The Company currently operates two photographic portrait studios, the
first of which was opened on May 24, 1993 at the MCA/Universal CityWalkSM
project in Los Angeles, California ("the CityWalk Studio"). The second studio
opened on December 9, 1995 at The Entertainment Center at Irvine Spectrum
located in Irvine, Orange County, California ("the Irvine Studio"). The Company
engaged a consultant during the quarter ended December 31, 1996 to work with its
technical staff to determine whether the Travelling Studio could be made
operational and after some effort and expenditure the Travelling Studio has been
used in two, two day promotions. The following table summarizes the Company's
adjusted results for the three and nine month periods ended December 31, 1996
and December 31, 1995.
<TABLE>
Three months ended Nine months ended
-------------------------------------- ------------------------------------
Dec. 31, 1996 Dec. 31, 1995 Dec. 31, 1996 Dec. 31, 1995
----------------- ------------------ ---------------- ----------------
<S> <C> <C> <C> <C>
Gross Sales Revenue $ 520,666 $ 375,711 $ 1,646,496 $ 1,177,775
Gross Income 15,081 15,721 160,242 186,332
Adjusted Net Loss for the Period (172,530 ) (210,078 ) (498,430 ) 1 (406,628 )2,3
Adjusted Net Loss per Share ($ 0.01 ) ($ 0.02 ) ($ 0.04 ) ($ 0.04 )
Closing Bid Price per
Share of Common Stock $ 0.065 $ 0.13 $ 0.065 $ 0.13
- --------------------------------------------------------------------------------
</TABLE>
1 As indicated in the following notes, the figures have been adjusted in order
to facilitate 1 comparison:
2 The net loss for the nine month period ended Dec. 31, 1996 excludes
termination payments totaling 2 $51,250 paid to officers of the Company. Such
payments were expensed prior to October 1, 1996.

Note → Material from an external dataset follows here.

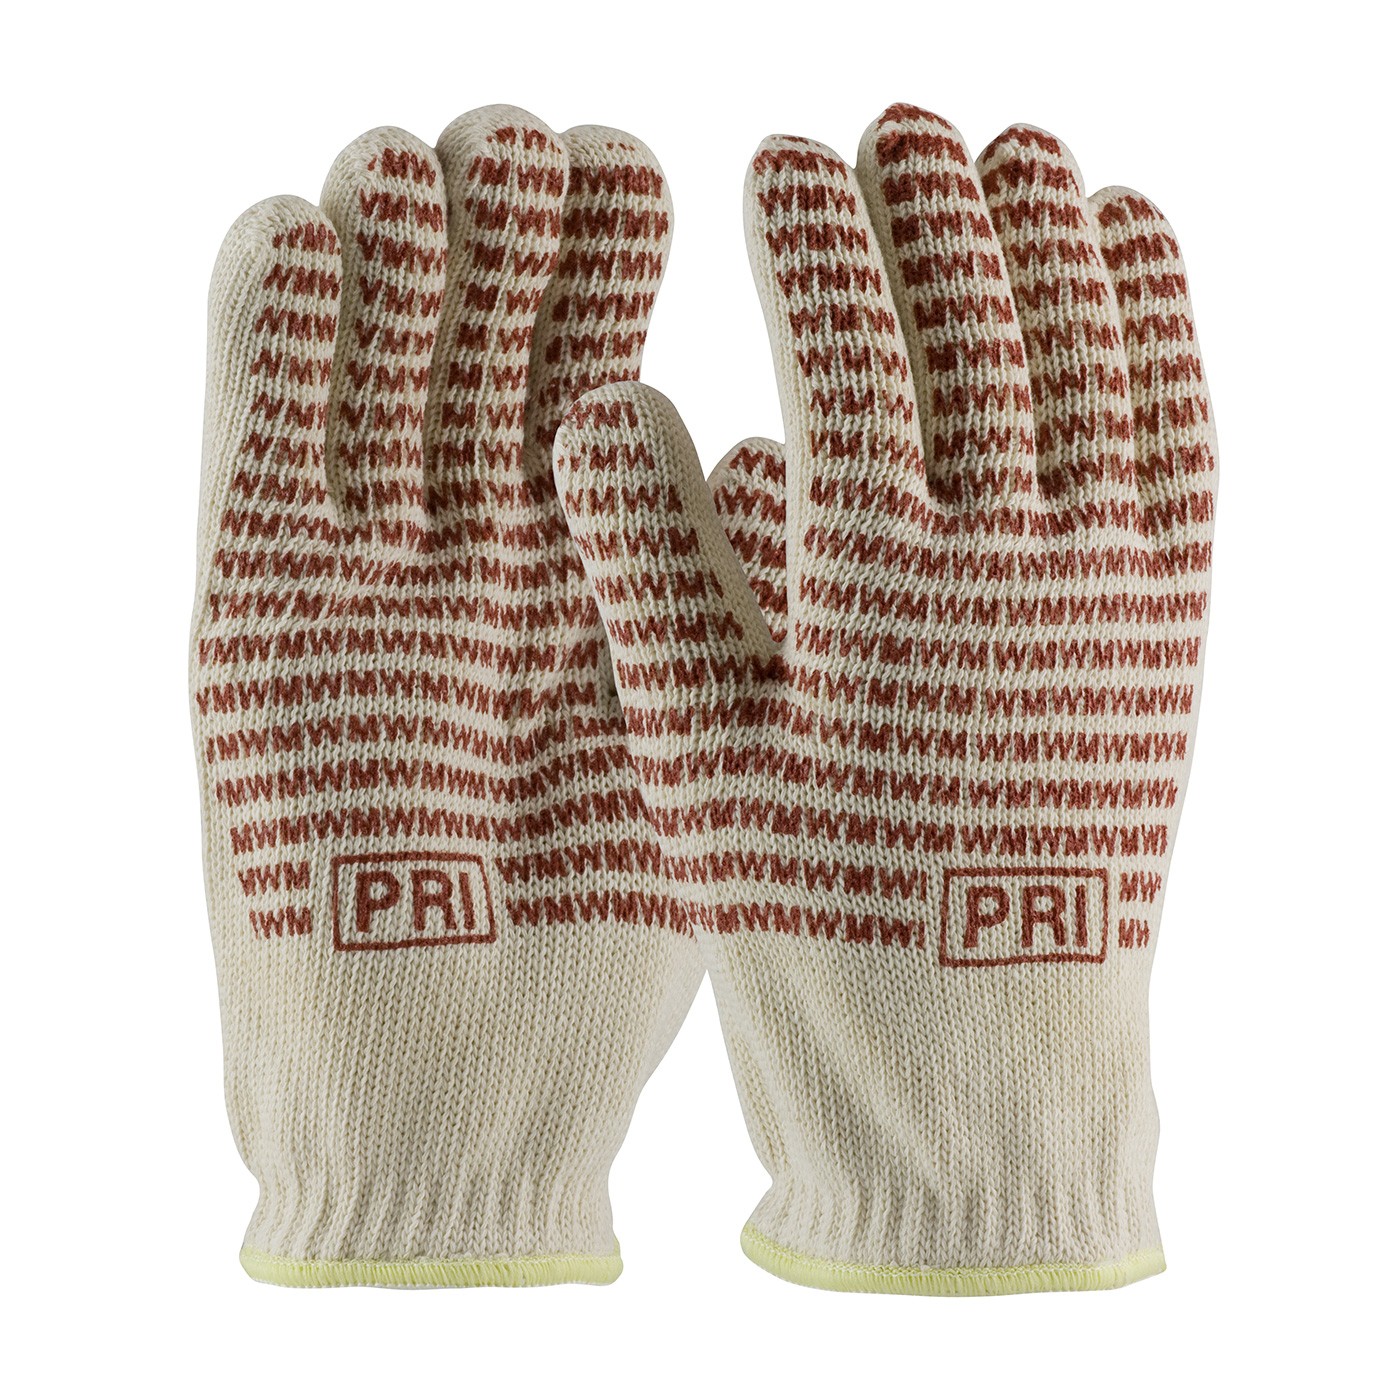 PIP® Double-Layered Cotton Seamless Knit Hot Mill Glove with Double-Sided EverGrip™ Nitrile Coating - 24 oz  (#43-502)

3 The net loss for the nine month period ended Dec. 31, 1995 excludes
$110,000 of non-recurring professional costs associated with closing
the Photo Corporation Group Pty. Ltd. ("PCG") transaction. These costs
were incurred prior to October 1, 1995.
The net loss for the nine month period ended Dec. 31, 1995 also excludes a
$722,000 non-recurring loss on impairment of long-lived assets, a non-cash
accounting adjustment pursuant to the adoption of SFAS No. 121. The loss was
recorded prior to October 1, 1995.
----------------------------------------------------------------------------
As noted in the table presented above, the Company continues to operate
at a net loss. This is predominantly due to the poor performance of the Irvine
Studio.
Management's focus is on improving revenues from the Irvine Studio by
developing marketing programs to attract more customers and creating a
background image portfolio suitable for the market in which the Irvine Studio is
located. There is no assurance that this program for the Irvine Studio will be
successful.
The Company is committed to continuing to minimize overheads to reduce
the negative cash flow from operations.
The Company's short term objectives are to increase the revenues of the
Irvine Studio, source additional opportunities and venues for the utilization of
the Travelling Studio, continue to reduce operating expenses and minimize
overhead costs and as a consequence improve cash flows to reduce liabilities and
to enable additional studios to be opened in the future. Net losses (which
include depreciation expenses of approximately $103,000 per quarter) are
expected to continue until the Company opens additional studios or revenues from
the existing studios, especially the Irvine Studio, increase substantially.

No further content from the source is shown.